Three years ago one of the Associate Fellows, Kevin Read, now the Knowledge Management Librarian at NYU Health Sciences Library, took on the task of building a web portal to NIH data-sharing repositories and data-sharing policies. He followed that with a second project that involved estimating the number and type of datasets generated annually by NIH-funded research, work that led to presentations and a publication in PLoS One. Two years later two of the Associate Fellows worked on data science projects. Ariel Deardorff, now the Assessment and Data Librarian at UCSF, tackled a project on data visualization, while Erin Foster, currently the Data Services Librarian at Indiana University School of Medicine, dove into a project on common data elements. Since then, Erin and Ariel have co-founded a Data Interest Group within the Medical Library Association, bringing together other talented librarians in data science to advance the field and make a difference.

What will this year’s Associate Fellows accomplish? How will they impact the health information environment?

Six months ago I introduced them at various welcome events at NLM; six months from now I will watch them present the results of their work to NLM staff. There is something about the alchemy of smart people—both staff and Associate Fellows—and mentoring, high expectations, and support that yields accomplishments that often move NLM, information science, and library science forward.

To many people that can appear a magical process of transformation or creation, but for those in the know it’s simply what librarians do. As NLM Deputy Director Betsy Humphreys wisely observed when asked about the future of librarians in our ever-shifting information landscape, “Librarians are problem-solvers.

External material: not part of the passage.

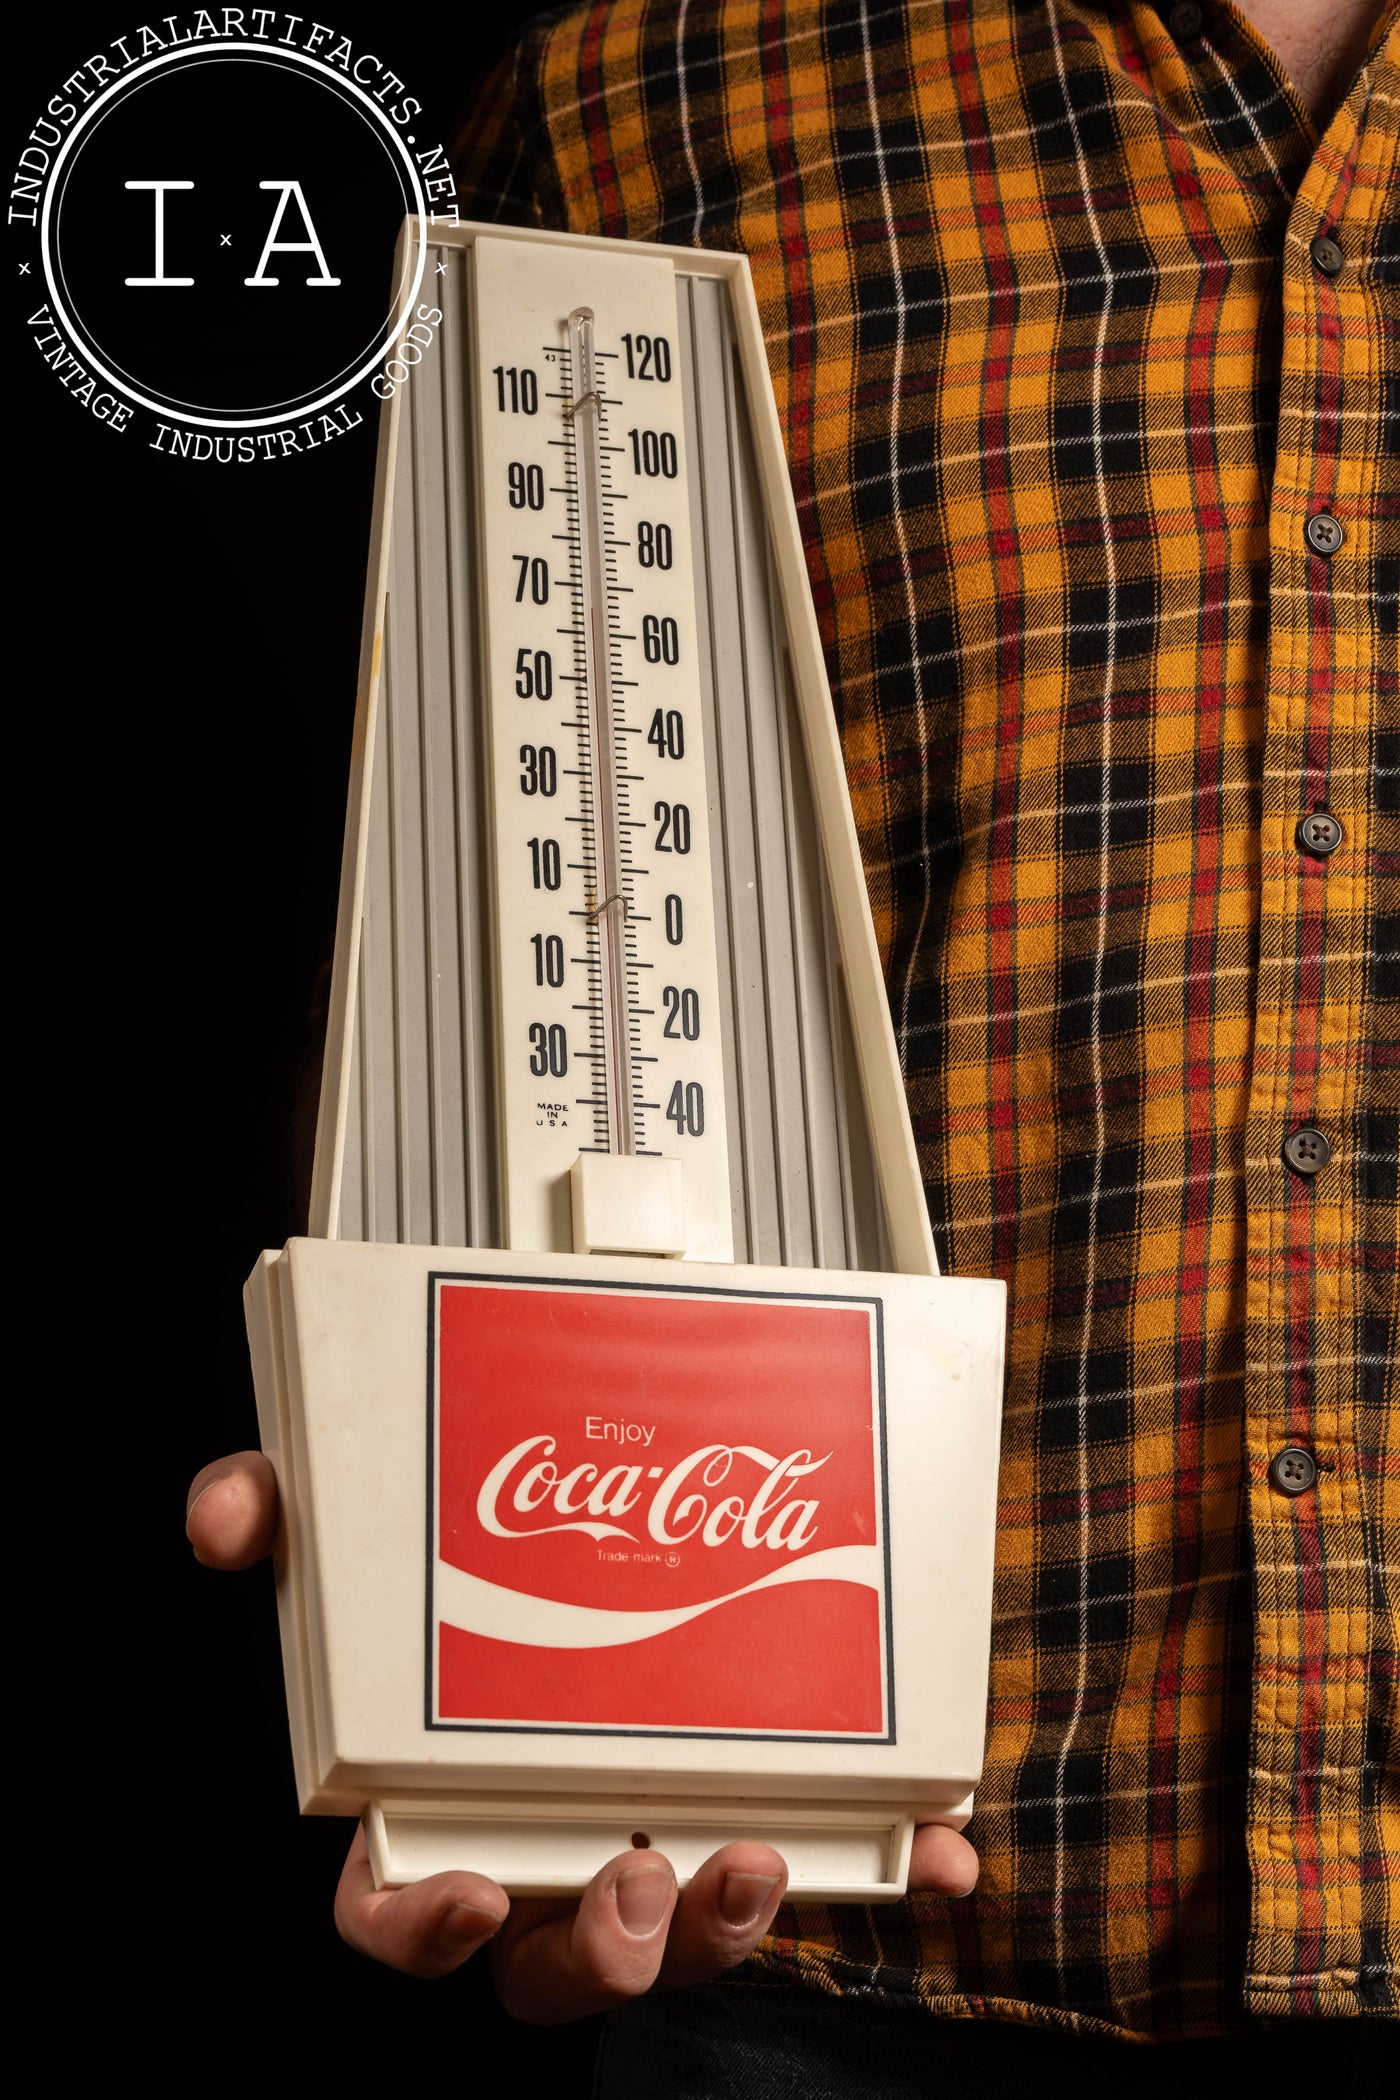 Vintage Coca-Cola and Sprite Promotional Thermometers

And one thing you wouldn’t do is get rid of the problem-solvers.”

It seems a quasi-tradition of this blog to ask a question of its readers. So I ask you now, what are the problems NLM should solve? To what tasks should we apply our unique alchemy of smarts, hard work, and high expectations?

Your answers might give current and future Associate Fellows, librarians, and library leaders the opportunity to work their magic and improve the information ecology in libraries, healthcare, science, and technology.